Question

¿qué gráfico muestra simetría rotacional?

Explanation:

To determine which graph shows rotational symmetry, we analyze each:

1. First graph (parabola): Symmetry about the \( y \)-axis (reflectional), not rotational (needs \( 180^\circ \) rotation to map onto itself, but a parabola does not).
2. Second graph (wavy curve): No rotational symmetry (rotation would not align it with itself).
3. Third graph (V - shape): Symmetry about the \( y \)-axis (reflectional), not rotational.
4. **Fourth graph (exponential - like? Wait, no—wait, let's check \( 180^\circ \) rotation. If we rotate the fourth graph \( 180^\circ \) around the origin, does it map to itself? Wait, maybe I mislabeled. Wait, actually, the key is: A graph has rotational symmetry if rotating it \( 180^\circ \) around a point (usually the origin) maps it to itself. Let's re - evaluate. Wait, maybe the fourth graph: Let's take a point, say \( (1,1) \), rotating \( 180^\circ \) gives \( (- 1,-1) \). Does the graph pass through \( (-1,-1) \)? If the left - hand part goes through \( (-1,-1) \), then yes. Wait, maybe the fourth graph is the one with rotational symmetry. Wait, maybe I made a mistake earlier.
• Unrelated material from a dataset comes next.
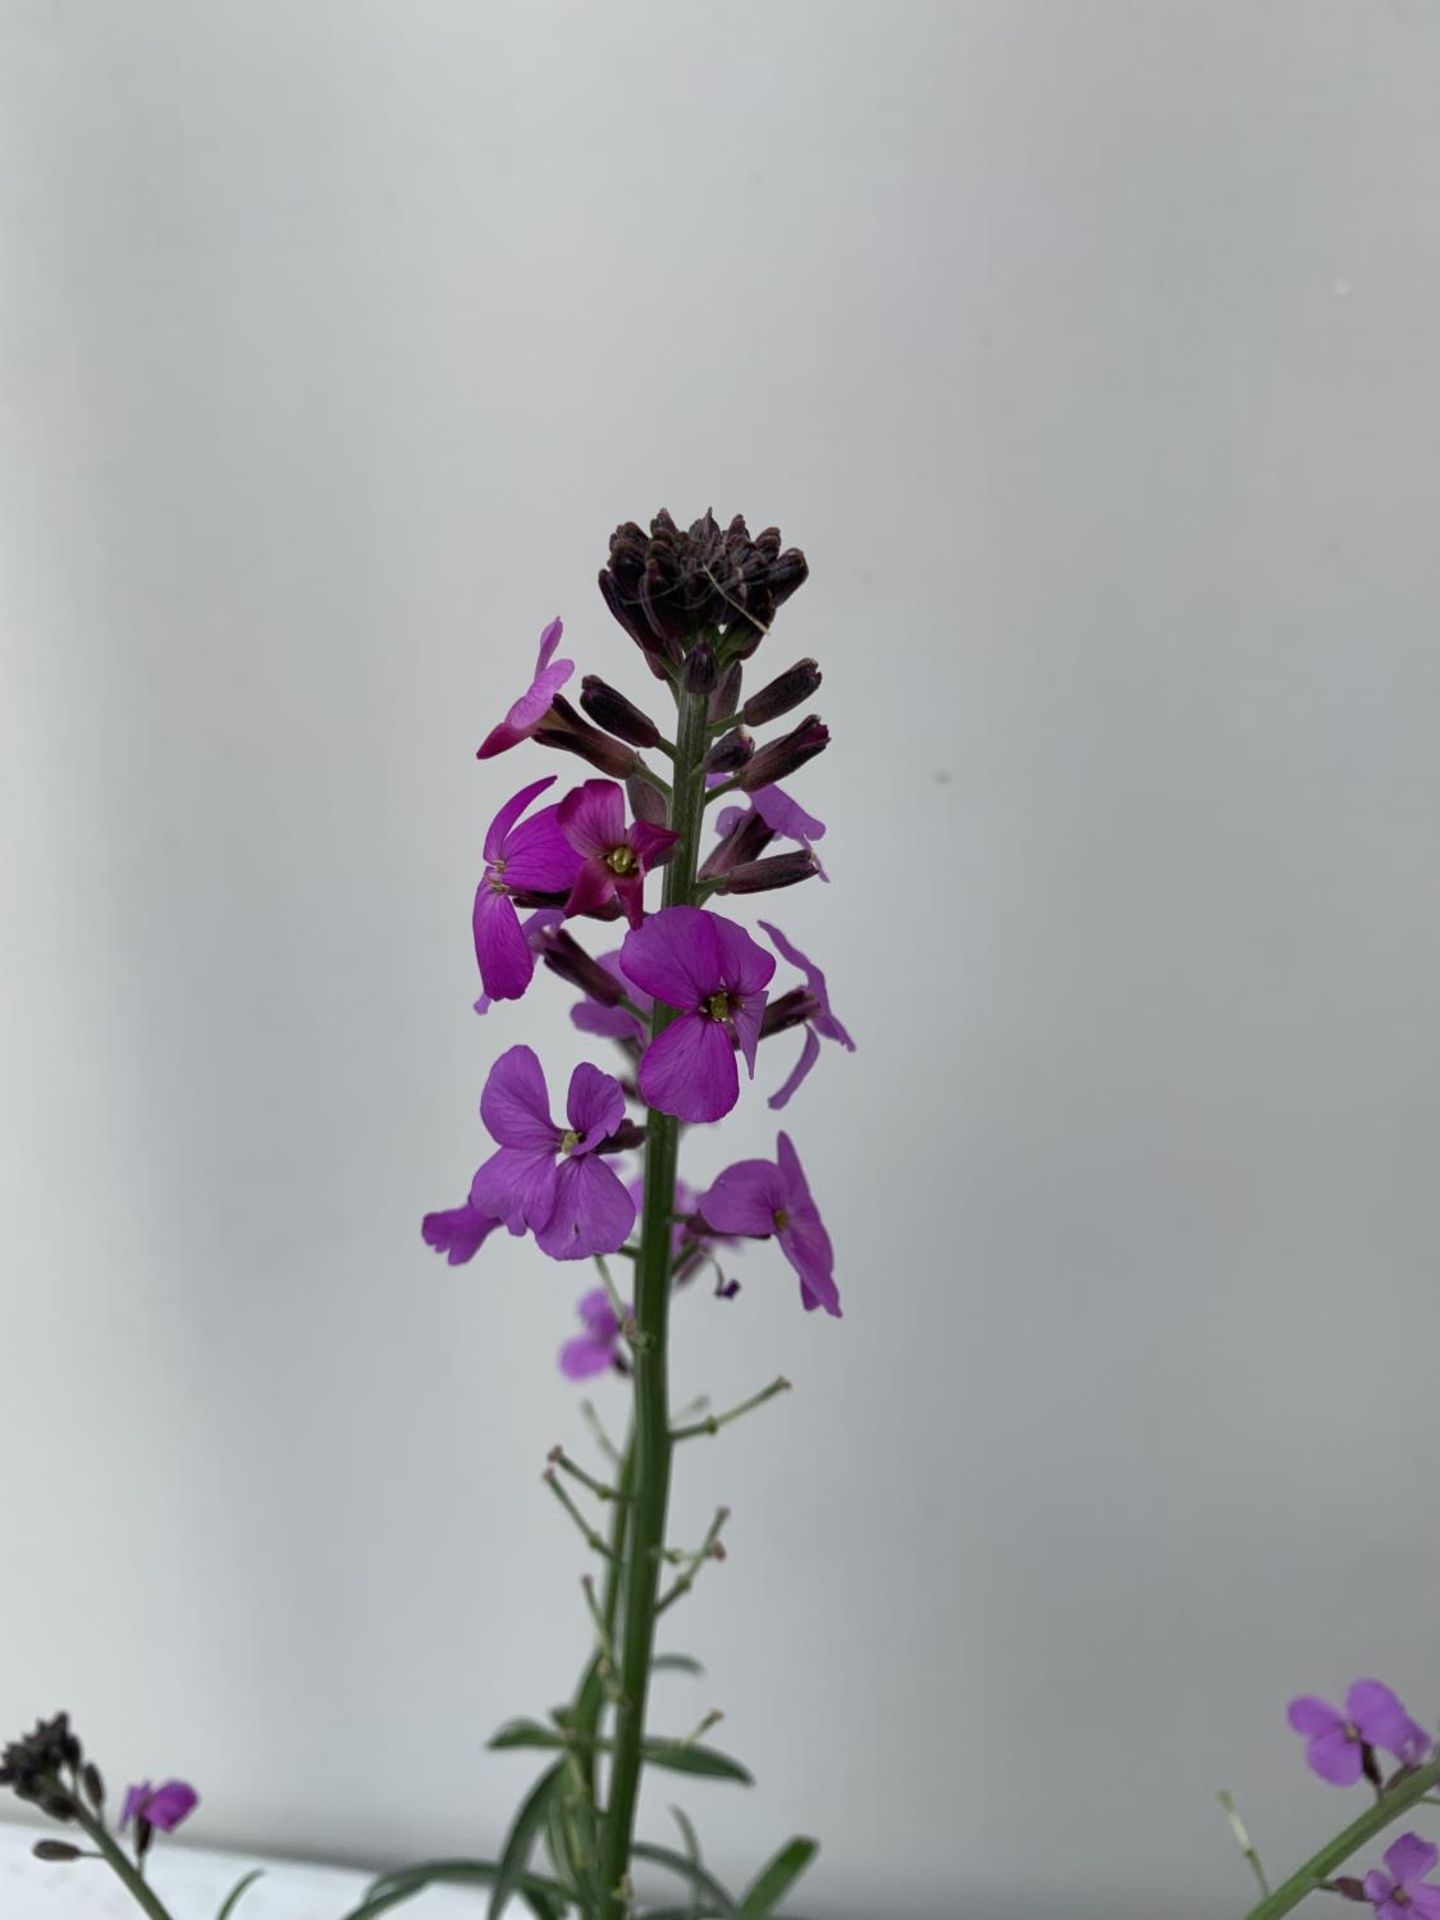 SIX ERYSIMUM BOWLES MAUVE IN 2 LTR POTS 40-50CM TALL TO BE SOLD FOR THE SIX PLUS VAT - Image 4 of 5

Wait, the first three have reflectional symmetry (about \( y \)-axis), but rotational symmetry (order 2, \( 180^\circ \)) means that rotating \( 180^\circ \) around the origin (or a center) maps the graph to itself. Let's check the fourth graph: If we rotate it \( 180^\circ \), the direction of the curve and the points should match. So the graph with rotational symmetry is the fourth one (assuming the left - hand part and right - hand part are related by \( 180^\circ \) rotation).

Answer:

The fourth graph (the one on the far right) shows rotational symmetry.